** Opening SUPPLIED MATERIAL block **
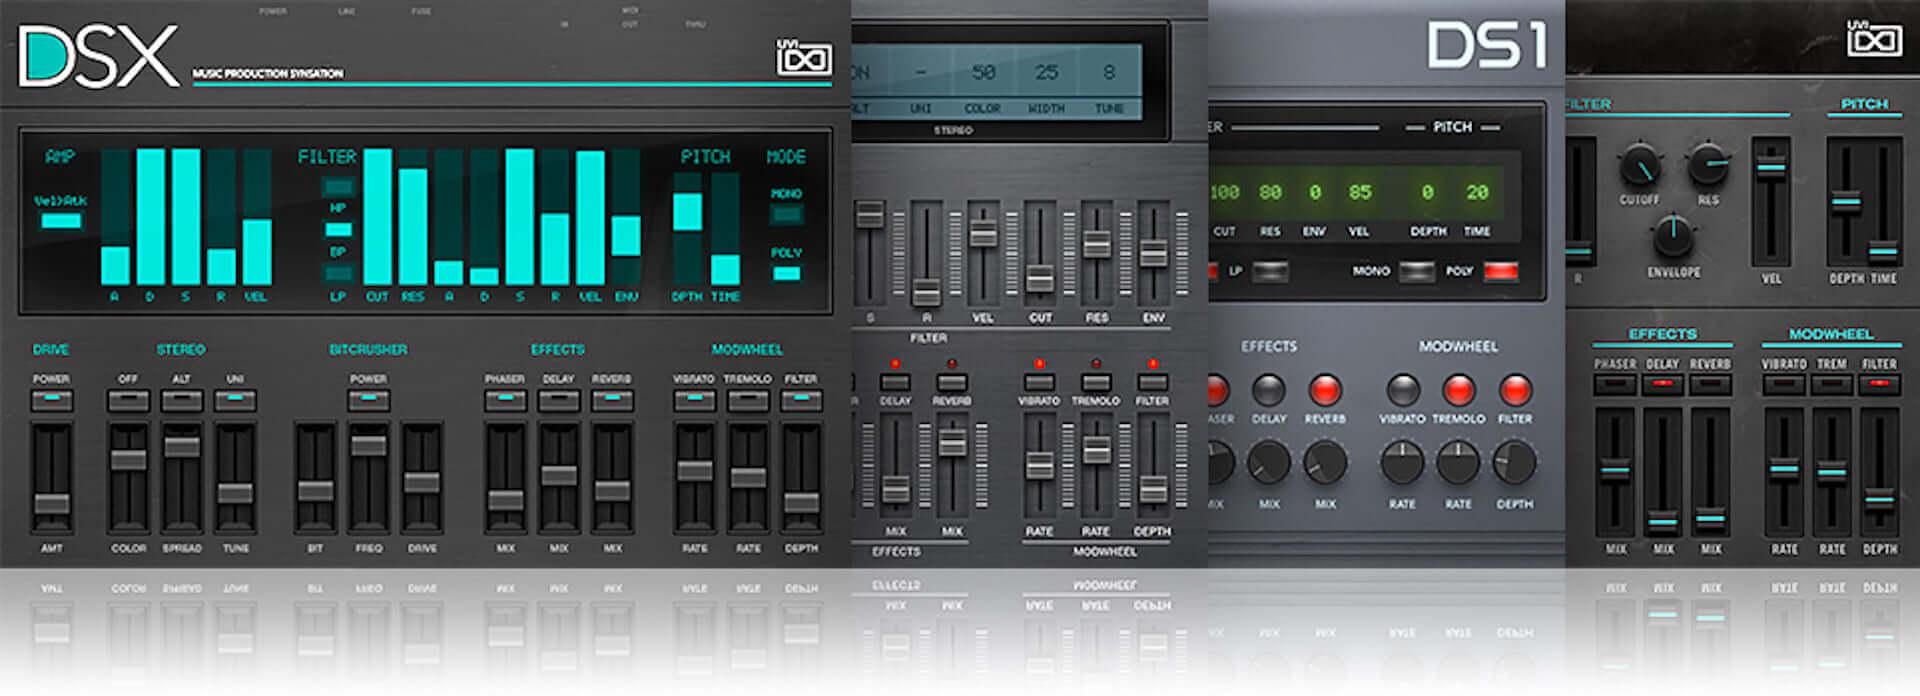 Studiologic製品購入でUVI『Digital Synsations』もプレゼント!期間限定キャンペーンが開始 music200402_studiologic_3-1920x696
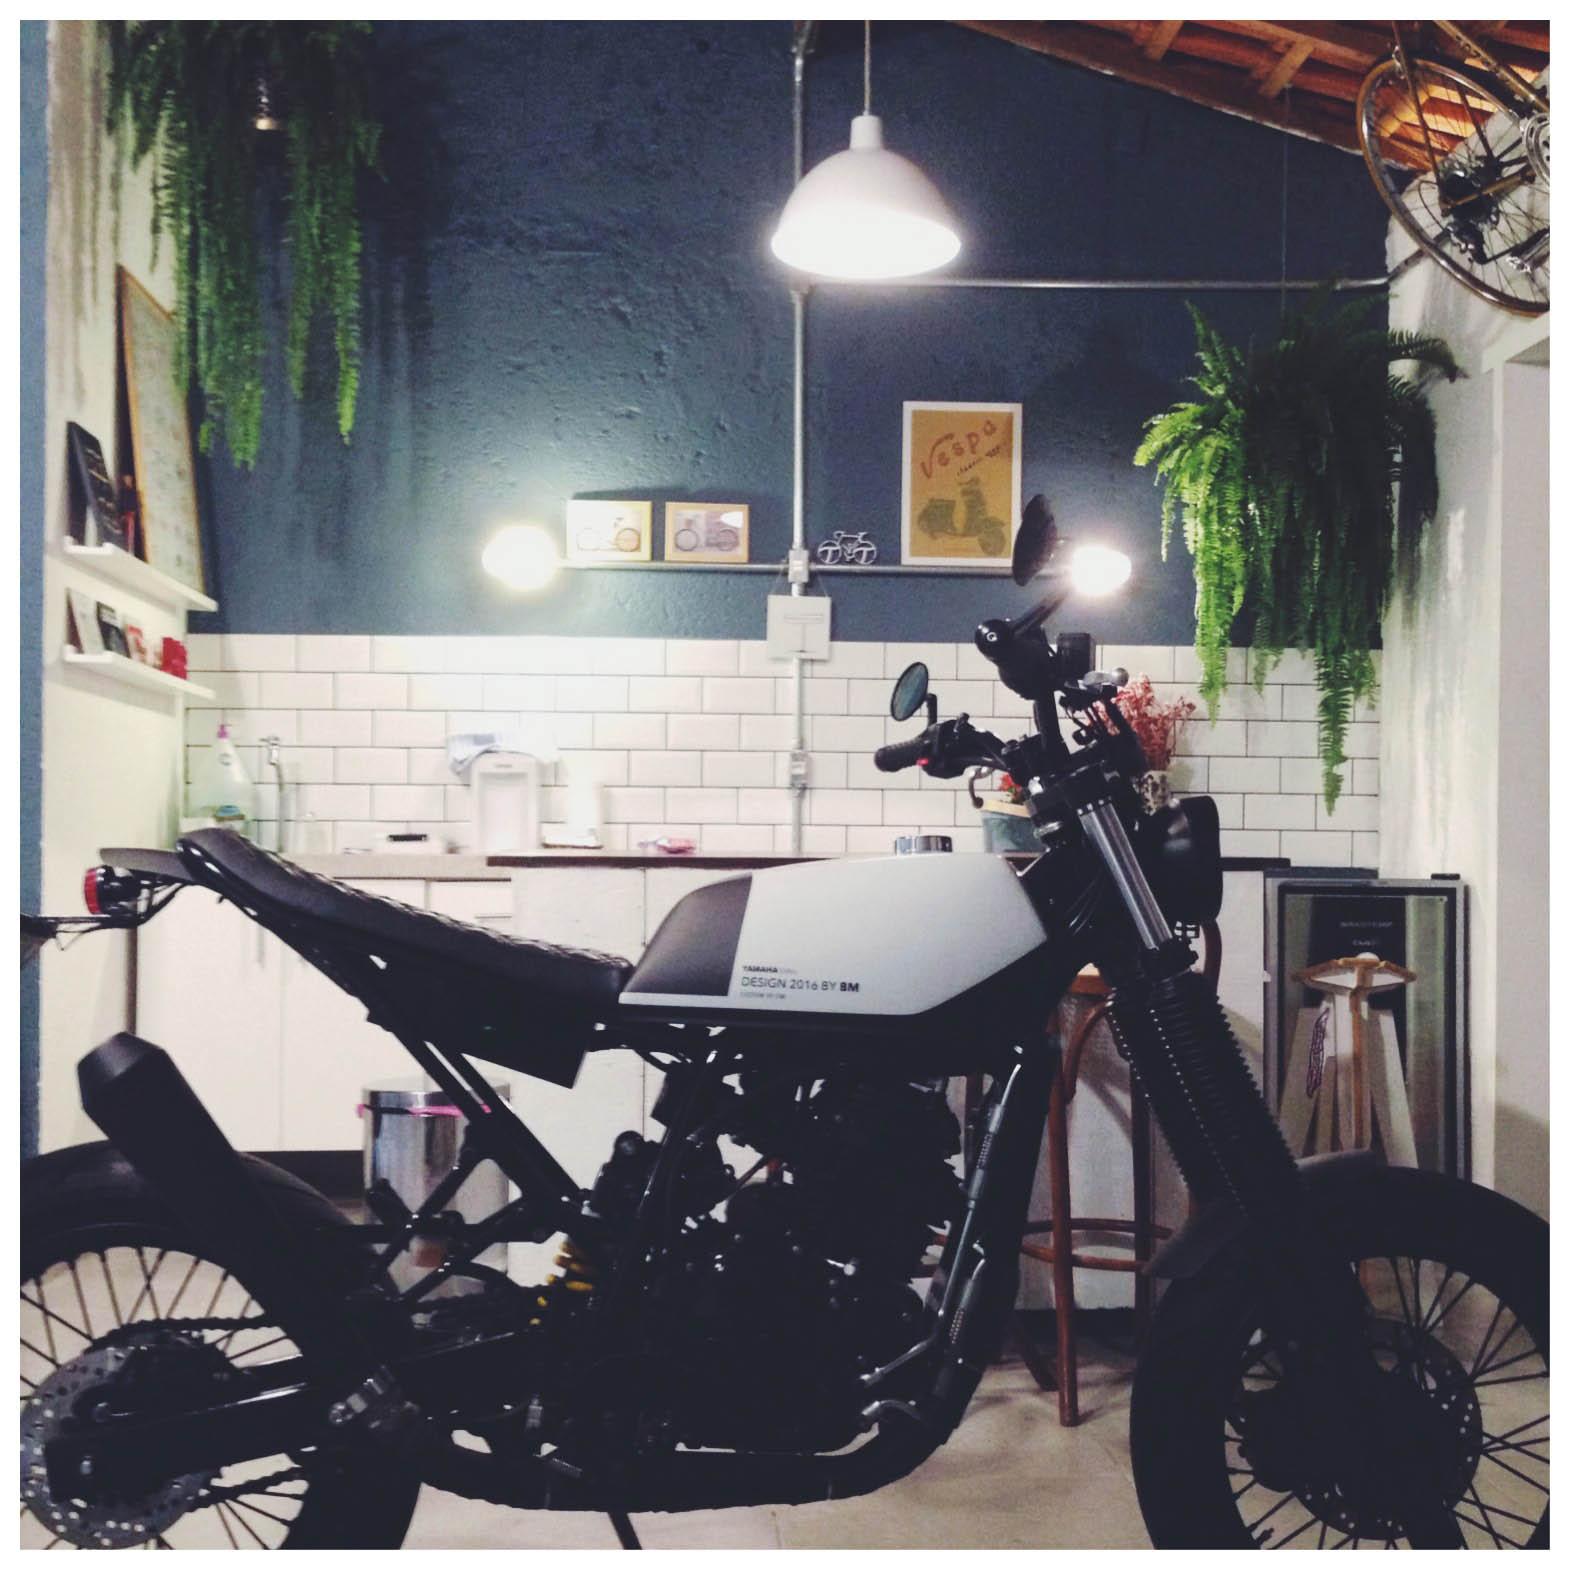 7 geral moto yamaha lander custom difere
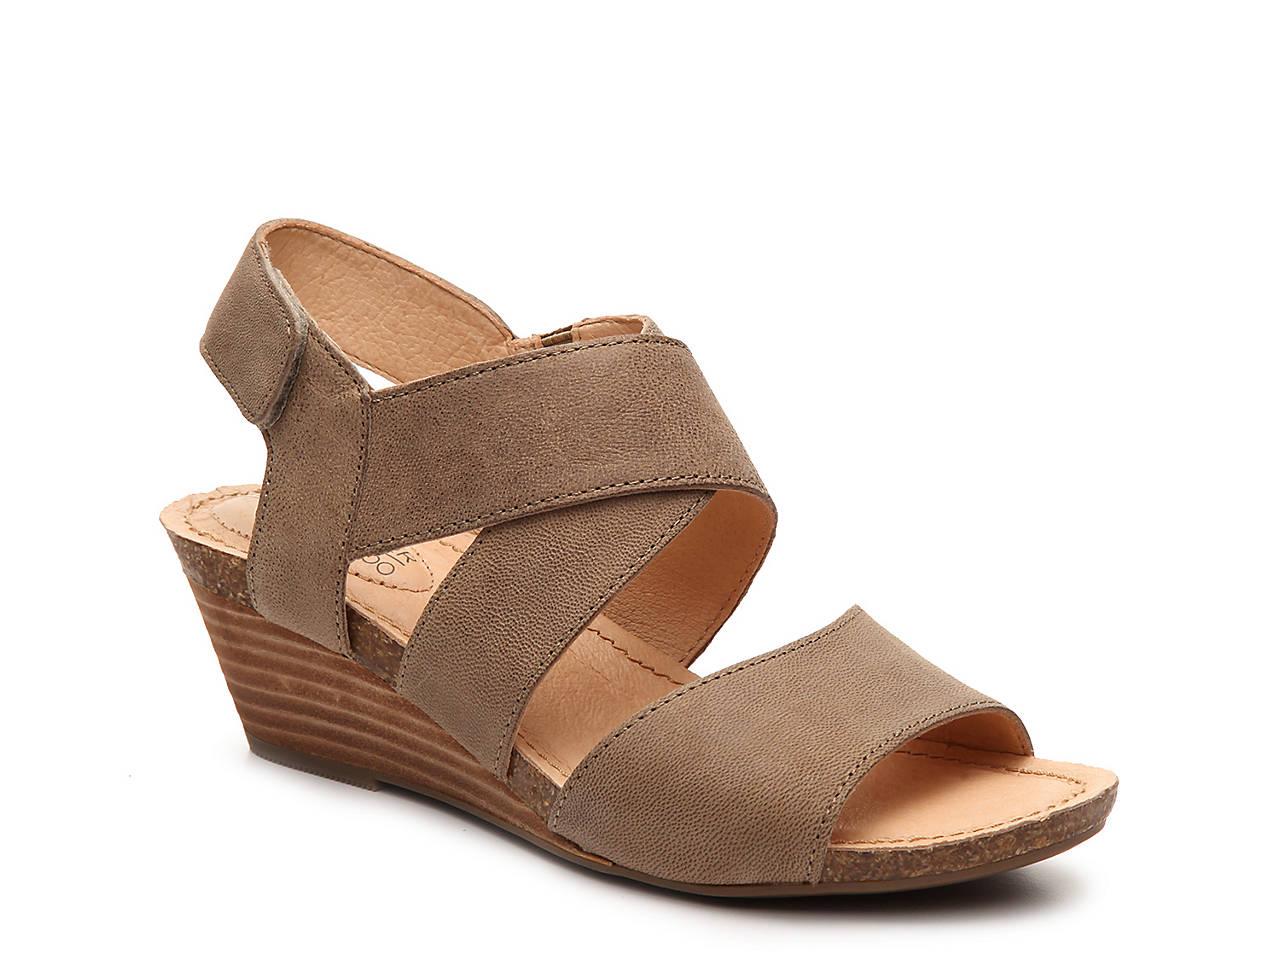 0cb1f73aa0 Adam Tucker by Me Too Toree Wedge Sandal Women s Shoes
** Closing SUPPLIED MATERIAL block **
TASK REQUIREMENTS: The listing above needs to be output again exactly. Don't include the pictures.

RESPONSE FOR THIS EXERCISE:
 Studiologic製品購入でUVI『Digital Synsations』もプレゼント!期間限定キャンペーンが開始 music200402_studiologic_3-1920x696
 7 geral moto yamaha lander custom difere
 0cb1f73aa0 Adam Tucker by Me Too Toree Wedge Sandal Women s Shoes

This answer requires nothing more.